Di fronte all’incertezza, la questione cruciale è quello che accade se si sbaglia. Ed i rischi sembrano ancora ampiamente asimmetrici. Alzate i tassi “troppo tardi” e l’inflazione per un breve periodo eccederà l’obbiettivo. E’ così negativo? (e perché la Fed sta sempre di più dando l’impressione che il 2 per cento non sia un obbiettivo ma un limite? Forse che tutto quello che abbiamo osservato dal 2007 non indica che quello non è un livello affatto rassicurante?) Alzate i tassi troppo presto, d’altra parte, e rischiate di cadere in una trappola deflazionistica che potrebbe richiedervi anni, addirittura decenni, per venirne fuori.

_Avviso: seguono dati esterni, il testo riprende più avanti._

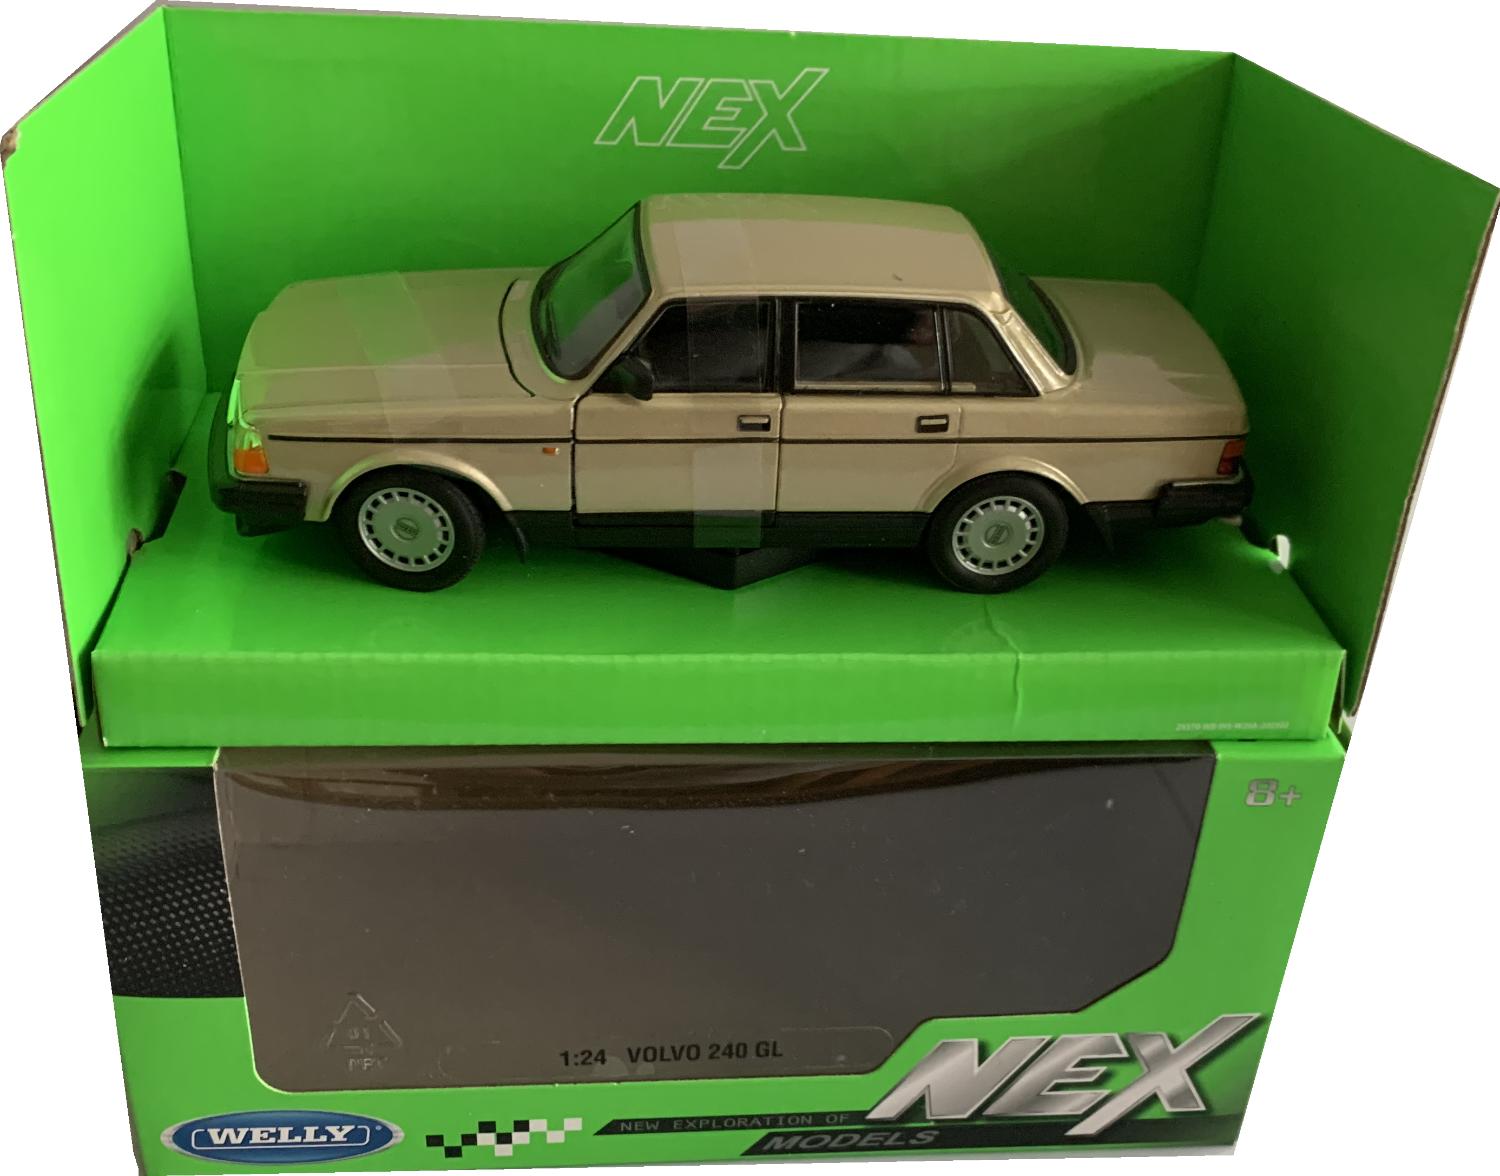 An excellent reproduction of the Volvo 240 GL with high level of detail throughout, all authentically recreated.  The model is presented in a window display box, the car is approx. 19 cm long and the presentation box is 23 cm long

Spero davvero tanto che questo concetto stia arrivando.

 

 

[1] Suppongo nel senso che anche Duy è diventato perplesso sull’ipotesi di un rialzo. Infatti, sul suo blog in data 2 febbraio egli commenta il seguente diagramma di fonte Fed, che mostra una forte decelerazione nei dati trimestrali dell’inflazione anche negli Stati Uniti:

z 481

 

 

 

 

 

 

 

[2] Questa traduzione è complicata. IECA è semplicemente la traduzione dell’acronimo AIEE, che non so se è inventato ad hoc o abbia un significato tecnico preciso. La misurazione di tale espressione non so spiegarla, ma sembra alludere ad un concetto tecnico definito. Quanto alla espressione FWIW dovrebbe stare per “For what it’s worth”, espressione slang per “per quello che vale”. FRB, invece, sta per Federal Reserve Bank.